I would like to report our SGEMM routine on GT200 GPUs. This work inherits  Volkov's code, which can be downloaded from

http://forums.nvidia.com/index.php?showtopic=89084

Figure 1 shows performance (Gflop/s) of our method on TeslaC1060, GTX285 and GTX295. The baseline is Volkov's code on TeslaC1060 (black dash line).

Core frequency of GTX285 is 1.135x than that of TeslaC1060, and it is reasonable that performance of GTX285 is 1.165x than that of TeslaC1060.

Maximum performance of our method  on TeslaC1060 in Figure is 439.467Gflop/s, this number achieves 70% of peak performance without dual issue

(peak performance of single precision without dual issue on TeslaC1060 is 624 Gflop/s) whereas Volkov's code reaches 346 Gflop/s, which is 55.45% of peak performance.

figure 1: comparison between our method and Volkov's code

[img]http://oz.nthu.edu.tw/~d947207/NVIDIA/SGEMM/figure1.JPG[/img]

source code can be downloaded from
http://oz.nthu.edu.tw/~d947207/NVIDIA/SGEMM/lsc_sgemm.zip

technical report: http://oz.nthu.edu.tw/~d947207/NVIDIA/SGEMM/HandTunedSgemm_2010_v1.1.pdf

source code: http://oz.nthu.edu.tw/~d947207/NVIDIA/SGEMM/lsc_sgemm.zip

Question: How about using __synchthreads() after "b_reg = b_ptr[j]" ?

I try your suggestion, case 2, into my algorithm, method 1, as following

[code]
b_ptr = (float*)b ;
#pragma unroll
for( int i = 0; i < BLOCK_SIZE_X; i++ ){
float A0_reg = A[0] ; A += lda ;
float A1_reg = A1[0] ; A1 += lda ;
// fetch b[i][:] into register b_reg[:]
#pragma unroll
for( int j = 0 ; j < BLOCK_SIZE_Y ; j++){
b_reg = b_ptr[j] ;
__syncthreads();
c0[j] += A0_reg * b_reg ;
c1[j] += A1_reg * b_reg ;
}
[code]

However nvcc reports error message as
[code]
tmpxft_00000bb8_00000000-3_method1_thread.cudafe1.gpu
tmpxft_00000bb8_00000000-8_method1_thread.cudafe2.gpu
nvopencc ERROR: C:\CUDA\bin64/../open64/lib//be.exe returned non-zero status -10
73741819
[/code]

I disable fully loop-unrolling of outer loop and change outer loop to #pragma unroll 8
(BLOCK_SIZE_X = 16, BLOCK_SIZE_Y = 16).

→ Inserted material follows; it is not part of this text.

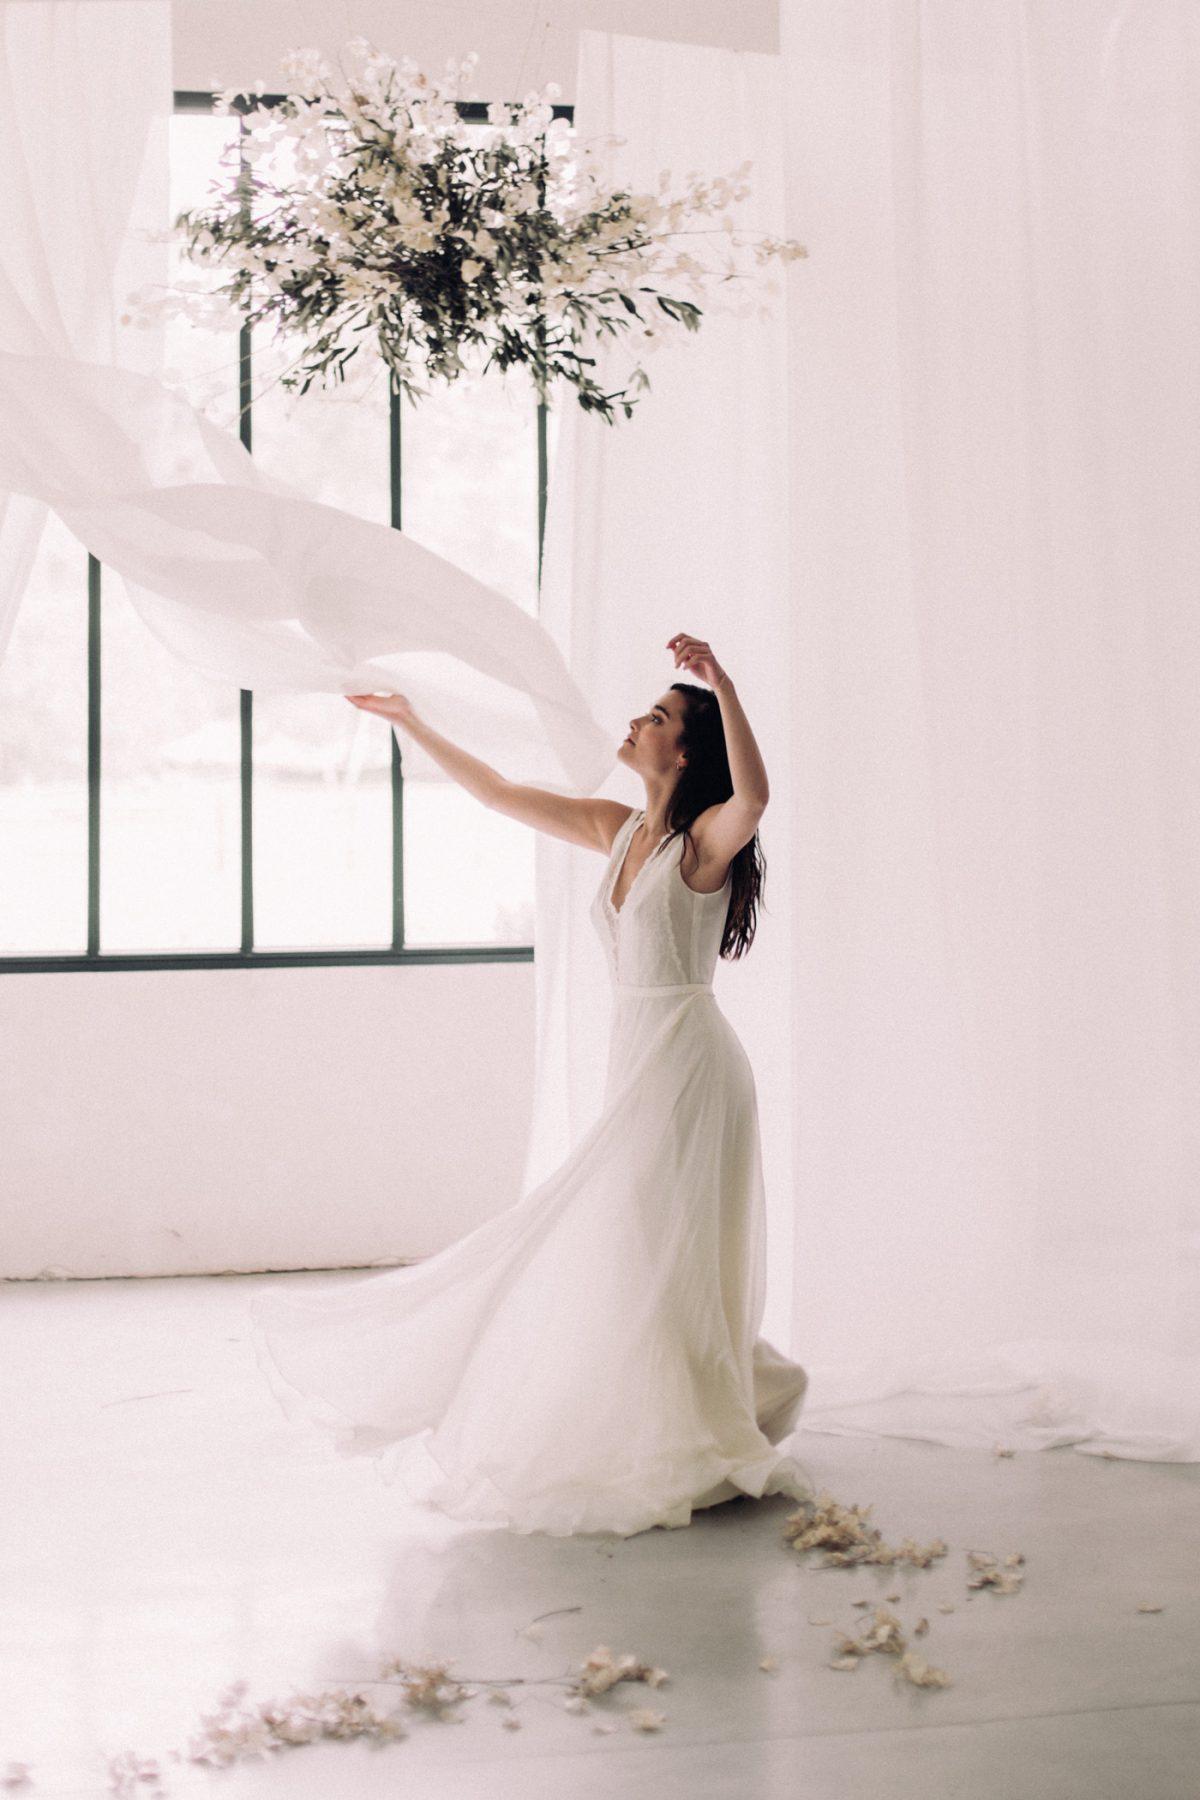 Atelier Swan | Collection 2019 robes de mariée | Credit Juli Etta | La Mariée Sous Les Etoiles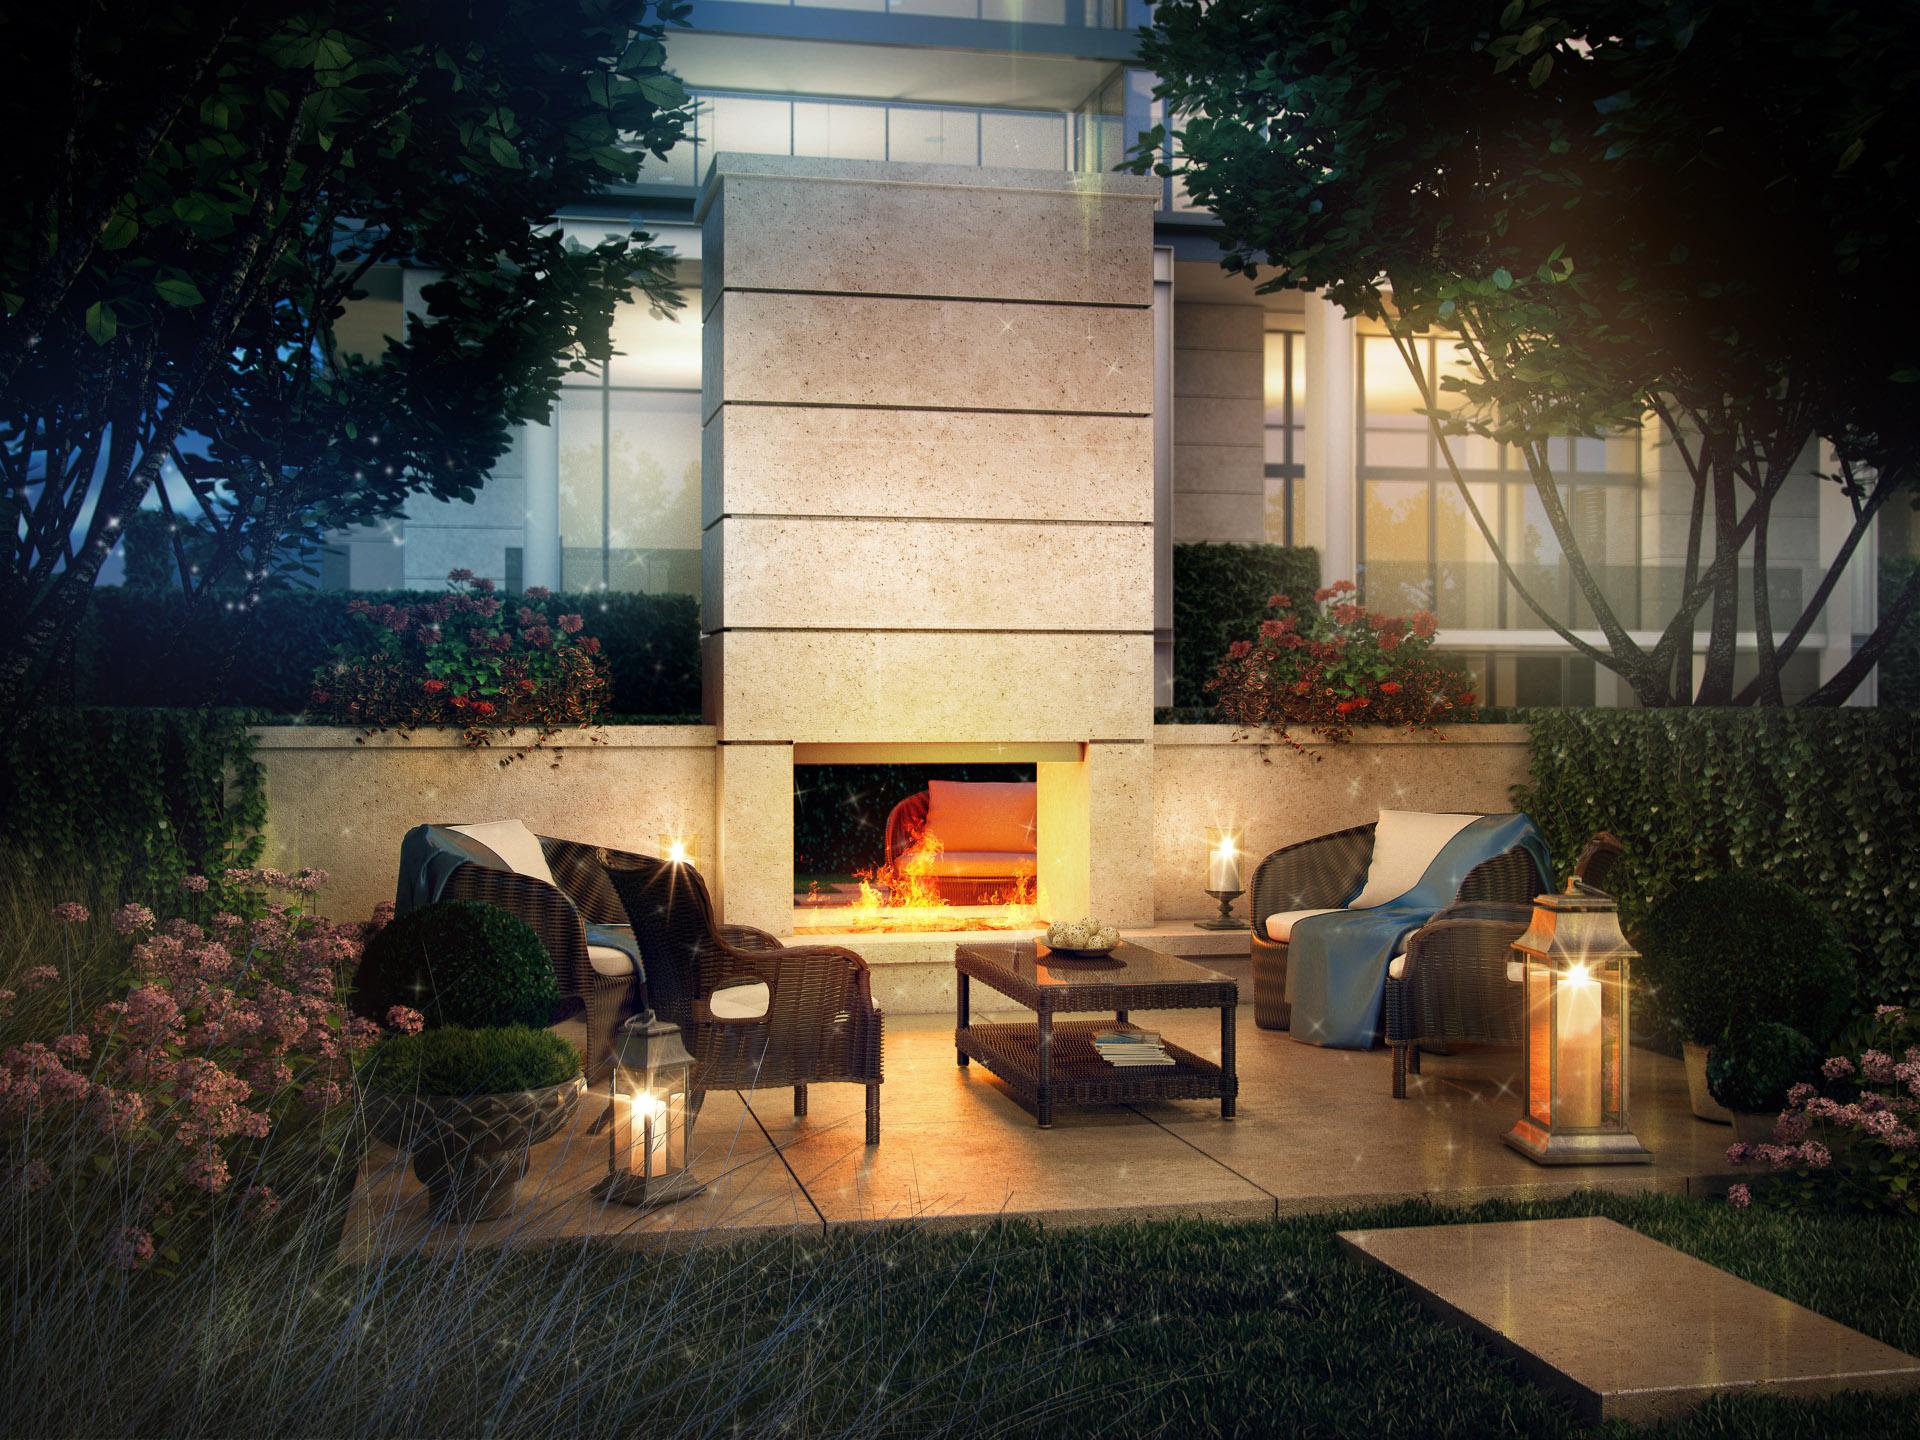 River_Oaks_Fireplace_HD

Also I use compiler option "-maxrregcount 48",
such that number of active thread = 320 (register count per thread = 46 ),
the same as method1_variant in report.

The code is called method1(synch)
[code]
b_ptr = (float*)b ;
#pragma unroll 8
for( int i = 0; i < BLOCK_SIZE_X; i++ ){
float A0_reg = A[0] ; A += lda ;
float A1_reg = A1[0] ; A1 += lda ;
// fetch b[i][:] into register b_reg[:]
#pragma unroll
for( int j = 0 ; j < BLOCK_SIZE_Y ; j++){
b_reg = b_ptr[j] ;
__syncthreads();
c0[j] += A0_reg * b_reg ;
c1[j] += A1_reg * b_reg ;
}
[code]

I indeed obtain "shared memory ---> register " from result of decuda.
However the performance in figure 2 is not good, only 250Gflop/s.
I think that this is because of too many __syncthreads().


figrue 2: performance comparison between method1(variant) and method1(synch)
method1(synch) only reaches 250Gflop/s, 30% slower than method1(variant).

In order to achieve high performance, we need to remove extra __synch operations.
However we must reset offset of jump instruction after removing extra __synch operations.

Besides, there is one thing strange. if I unroll inner loop explicitly, then
nvcc would remove extra __synch automatically, I don't know why.